Assignment: Nothing but the lines below between the line holding "Dettaglio di impianto" and the line holding "Adidas Superstar Super colors ❤️", inclusive, should appear in the answer, each set down exactly.

Saved data entries

----------------

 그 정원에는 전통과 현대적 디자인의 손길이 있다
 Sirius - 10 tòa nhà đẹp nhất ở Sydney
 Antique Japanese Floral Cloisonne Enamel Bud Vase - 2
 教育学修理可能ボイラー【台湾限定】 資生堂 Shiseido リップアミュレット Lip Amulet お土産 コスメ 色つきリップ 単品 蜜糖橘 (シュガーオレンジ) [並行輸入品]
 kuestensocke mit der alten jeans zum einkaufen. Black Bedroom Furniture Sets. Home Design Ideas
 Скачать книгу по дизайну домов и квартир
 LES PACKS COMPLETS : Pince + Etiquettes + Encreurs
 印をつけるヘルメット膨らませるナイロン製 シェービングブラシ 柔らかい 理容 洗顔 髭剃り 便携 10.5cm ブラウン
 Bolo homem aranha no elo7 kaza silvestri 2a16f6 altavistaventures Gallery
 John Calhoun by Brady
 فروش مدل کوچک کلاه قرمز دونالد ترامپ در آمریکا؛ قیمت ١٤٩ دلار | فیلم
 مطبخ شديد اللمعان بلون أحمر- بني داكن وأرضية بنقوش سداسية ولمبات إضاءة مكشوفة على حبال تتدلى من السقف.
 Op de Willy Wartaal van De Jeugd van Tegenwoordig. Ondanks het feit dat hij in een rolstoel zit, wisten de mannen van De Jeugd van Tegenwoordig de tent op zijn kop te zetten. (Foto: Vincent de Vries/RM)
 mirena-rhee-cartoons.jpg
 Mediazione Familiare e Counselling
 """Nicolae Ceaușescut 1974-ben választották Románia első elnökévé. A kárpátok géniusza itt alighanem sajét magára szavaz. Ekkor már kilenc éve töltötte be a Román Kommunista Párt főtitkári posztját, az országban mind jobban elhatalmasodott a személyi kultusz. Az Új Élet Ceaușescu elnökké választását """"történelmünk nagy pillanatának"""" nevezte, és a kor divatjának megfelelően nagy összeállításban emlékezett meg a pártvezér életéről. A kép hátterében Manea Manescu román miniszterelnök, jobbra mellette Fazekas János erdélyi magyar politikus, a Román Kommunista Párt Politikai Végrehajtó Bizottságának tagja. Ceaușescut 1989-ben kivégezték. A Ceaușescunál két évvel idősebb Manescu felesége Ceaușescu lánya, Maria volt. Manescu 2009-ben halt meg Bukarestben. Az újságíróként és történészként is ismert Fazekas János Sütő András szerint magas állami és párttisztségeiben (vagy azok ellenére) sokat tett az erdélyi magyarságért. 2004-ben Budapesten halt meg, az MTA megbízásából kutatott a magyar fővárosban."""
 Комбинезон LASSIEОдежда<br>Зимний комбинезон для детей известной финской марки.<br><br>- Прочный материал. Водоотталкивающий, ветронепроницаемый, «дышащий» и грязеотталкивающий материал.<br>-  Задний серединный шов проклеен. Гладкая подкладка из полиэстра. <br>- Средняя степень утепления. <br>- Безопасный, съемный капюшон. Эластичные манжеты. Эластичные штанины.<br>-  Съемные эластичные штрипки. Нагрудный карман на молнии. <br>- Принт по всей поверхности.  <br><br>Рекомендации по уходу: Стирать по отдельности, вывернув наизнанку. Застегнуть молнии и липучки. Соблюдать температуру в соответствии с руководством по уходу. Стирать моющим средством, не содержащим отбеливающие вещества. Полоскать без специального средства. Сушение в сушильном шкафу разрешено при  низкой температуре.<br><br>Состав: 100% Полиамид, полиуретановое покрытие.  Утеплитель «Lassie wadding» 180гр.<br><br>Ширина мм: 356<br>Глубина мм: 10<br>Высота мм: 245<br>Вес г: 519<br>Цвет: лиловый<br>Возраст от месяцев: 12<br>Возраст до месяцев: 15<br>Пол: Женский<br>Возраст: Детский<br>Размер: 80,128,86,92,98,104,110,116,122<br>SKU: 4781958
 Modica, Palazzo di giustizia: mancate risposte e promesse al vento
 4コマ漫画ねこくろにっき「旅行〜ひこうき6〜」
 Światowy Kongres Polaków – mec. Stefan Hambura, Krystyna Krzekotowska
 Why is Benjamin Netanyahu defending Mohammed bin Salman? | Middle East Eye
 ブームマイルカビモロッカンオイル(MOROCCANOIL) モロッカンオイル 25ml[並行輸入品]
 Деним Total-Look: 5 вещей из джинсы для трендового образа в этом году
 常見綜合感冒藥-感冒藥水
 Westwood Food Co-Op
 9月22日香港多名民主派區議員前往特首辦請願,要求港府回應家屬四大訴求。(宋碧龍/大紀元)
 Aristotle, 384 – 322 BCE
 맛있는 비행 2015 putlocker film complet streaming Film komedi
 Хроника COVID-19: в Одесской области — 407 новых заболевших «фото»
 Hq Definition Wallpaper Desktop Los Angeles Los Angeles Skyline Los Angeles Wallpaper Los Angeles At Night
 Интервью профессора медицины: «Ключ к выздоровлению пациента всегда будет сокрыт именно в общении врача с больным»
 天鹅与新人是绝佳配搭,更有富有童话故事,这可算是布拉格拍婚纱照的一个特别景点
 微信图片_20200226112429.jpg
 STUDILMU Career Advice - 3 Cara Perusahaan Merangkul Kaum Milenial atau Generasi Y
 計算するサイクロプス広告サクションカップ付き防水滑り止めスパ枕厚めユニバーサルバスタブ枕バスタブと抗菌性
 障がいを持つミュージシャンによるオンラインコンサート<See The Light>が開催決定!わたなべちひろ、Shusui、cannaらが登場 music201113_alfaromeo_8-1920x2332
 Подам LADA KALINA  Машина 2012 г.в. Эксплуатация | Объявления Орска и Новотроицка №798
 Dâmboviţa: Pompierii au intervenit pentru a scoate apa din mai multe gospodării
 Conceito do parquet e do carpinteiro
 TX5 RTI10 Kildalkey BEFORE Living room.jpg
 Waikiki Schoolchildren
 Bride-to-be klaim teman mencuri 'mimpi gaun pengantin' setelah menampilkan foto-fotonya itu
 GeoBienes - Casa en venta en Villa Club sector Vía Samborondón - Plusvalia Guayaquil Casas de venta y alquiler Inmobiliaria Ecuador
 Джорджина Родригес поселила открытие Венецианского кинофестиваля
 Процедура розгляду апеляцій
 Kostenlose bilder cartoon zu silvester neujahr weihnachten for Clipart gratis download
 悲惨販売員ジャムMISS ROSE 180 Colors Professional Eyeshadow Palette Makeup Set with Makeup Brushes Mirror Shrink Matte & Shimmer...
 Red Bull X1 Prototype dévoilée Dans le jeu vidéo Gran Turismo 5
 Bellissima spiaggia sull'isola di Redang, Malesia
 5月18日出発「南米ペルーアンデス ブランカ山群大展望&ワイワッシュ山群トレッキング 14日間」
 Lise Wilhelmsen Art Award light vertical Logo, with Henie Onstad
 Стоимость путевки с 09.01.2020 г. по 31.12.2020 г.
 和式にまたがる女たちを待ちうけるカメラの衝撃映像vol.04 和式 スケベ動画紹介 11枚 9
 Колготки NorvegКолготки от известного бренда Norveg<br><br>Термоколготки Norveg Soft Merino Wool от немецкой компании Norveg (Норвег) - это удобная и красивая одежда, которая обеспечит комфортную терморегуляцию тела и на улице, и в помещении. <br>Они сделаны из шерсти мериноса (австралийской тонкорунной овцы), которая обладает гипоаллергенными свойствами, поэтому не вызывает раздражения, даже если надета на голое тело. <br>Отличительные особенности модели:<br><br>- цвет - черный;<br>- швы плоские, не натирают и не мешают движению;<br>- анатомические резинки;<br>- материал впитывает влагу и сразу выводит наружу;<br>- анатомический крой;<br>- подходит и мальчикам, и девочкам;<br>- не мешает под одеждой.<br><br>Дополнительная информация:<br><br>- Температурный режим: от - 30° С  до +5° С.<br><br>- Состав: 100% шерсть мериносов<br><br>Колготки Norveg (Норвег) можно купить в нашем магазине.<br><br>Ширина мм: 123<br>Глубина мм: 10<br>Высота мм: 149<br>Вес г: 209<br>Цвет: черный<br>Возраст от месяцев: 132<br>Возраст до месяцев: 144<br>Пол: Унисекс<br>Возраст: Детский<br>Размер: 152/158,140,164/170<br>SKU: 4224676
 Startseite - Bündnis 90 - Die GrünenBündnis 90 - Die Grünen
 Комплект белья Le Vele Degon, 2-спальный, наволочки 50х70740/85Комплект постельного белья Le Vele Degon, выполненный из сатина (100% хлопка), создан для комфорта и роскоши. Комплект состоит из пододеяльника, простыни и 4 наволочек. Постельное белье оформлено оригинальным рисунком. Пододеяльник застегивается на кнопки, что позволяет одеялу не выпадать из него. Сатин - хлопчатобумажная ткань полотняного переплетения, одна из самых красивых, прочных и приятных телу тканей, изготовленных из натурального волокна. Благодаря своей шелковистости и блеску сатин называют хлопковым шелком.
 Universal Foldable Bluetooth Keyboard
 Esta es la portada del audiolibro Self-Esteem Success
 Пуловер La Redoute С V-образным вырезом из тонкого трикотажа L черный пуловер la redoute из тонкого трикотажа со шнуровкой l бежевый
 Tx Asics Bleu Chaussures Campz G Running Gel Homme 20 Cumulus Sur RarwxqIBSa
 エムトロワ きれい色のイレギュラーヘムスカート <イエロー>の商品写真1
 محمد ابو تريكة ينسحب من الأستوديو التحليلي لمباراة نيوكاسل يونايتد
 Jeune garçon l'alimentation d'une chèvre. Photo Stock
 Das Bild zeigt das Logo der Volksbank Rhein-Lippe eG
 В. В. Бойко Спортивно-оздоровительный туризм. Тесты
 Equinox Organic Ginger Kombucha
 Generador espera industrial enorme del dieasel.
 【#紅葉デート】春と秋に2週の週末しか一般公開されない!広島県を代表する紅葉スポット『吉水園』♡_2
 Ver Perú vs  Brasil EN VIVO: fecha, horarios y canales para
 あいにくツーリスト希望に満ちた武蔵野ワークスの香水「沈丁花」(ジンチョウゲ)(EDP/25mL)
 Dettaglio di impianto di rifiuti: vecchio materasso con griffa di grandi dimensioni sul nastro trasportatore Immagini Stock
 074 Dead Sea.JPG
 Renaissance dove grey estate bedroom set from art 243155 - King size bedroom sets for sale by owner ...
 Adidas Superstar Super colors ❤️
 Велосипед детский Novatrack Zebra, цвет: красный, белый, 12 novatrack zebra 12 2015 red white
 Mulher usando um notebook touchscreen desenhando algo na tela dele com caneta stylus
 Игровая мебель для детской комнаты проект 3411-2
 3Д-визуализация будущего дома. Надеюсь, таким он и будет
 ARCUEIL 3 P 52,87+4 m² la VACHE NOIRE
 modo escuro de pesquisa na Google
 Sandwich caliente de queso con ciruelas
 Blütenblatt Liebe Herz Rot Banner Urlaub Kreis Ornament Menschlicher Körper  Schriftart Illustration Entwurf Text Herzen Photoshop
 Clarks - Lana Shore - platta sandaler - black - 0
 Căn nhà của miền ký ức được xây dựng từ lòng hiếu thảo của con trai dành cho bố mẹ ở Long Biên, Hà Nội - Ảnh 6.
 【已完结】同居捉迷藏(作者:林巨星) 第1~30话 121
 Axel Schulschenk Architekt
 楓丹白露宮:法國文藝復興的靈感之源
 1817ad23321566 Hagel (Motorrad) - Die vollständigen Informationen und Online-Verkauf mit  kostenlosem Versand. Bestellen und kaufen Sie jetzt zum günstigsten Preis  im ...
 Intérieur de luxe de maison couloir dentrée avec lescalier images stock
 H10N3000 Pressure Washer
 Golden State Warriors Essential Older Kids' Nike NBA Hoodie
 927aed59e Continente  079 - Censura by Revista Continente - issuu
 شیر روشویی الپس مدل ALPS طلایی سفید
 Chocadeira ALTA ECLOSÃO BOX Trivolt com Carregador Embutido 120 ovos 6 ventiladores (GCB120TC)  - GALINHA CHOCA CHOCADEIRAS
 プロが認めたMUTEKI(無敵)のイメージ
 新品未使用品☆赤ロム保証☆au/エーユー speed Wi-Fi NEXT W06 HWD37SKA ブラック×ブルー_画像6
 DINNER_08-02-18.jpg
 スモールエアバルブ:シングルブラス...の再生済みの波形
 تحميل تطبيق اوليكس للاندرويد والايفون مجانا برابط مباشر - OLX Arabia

----------------

Written solution:
 Dettaglio di impianto di rifiuti: vecchio materasso con griffa di grandi dimensioni sul nastro trasportatore Immagini Stock
 074 Dead Sea.JPG
 Renaissance dove grey estate bedroom set from art 243155 - King size bedroom sets for sale by owner ...
 Adidas Superstar Super colors ❤️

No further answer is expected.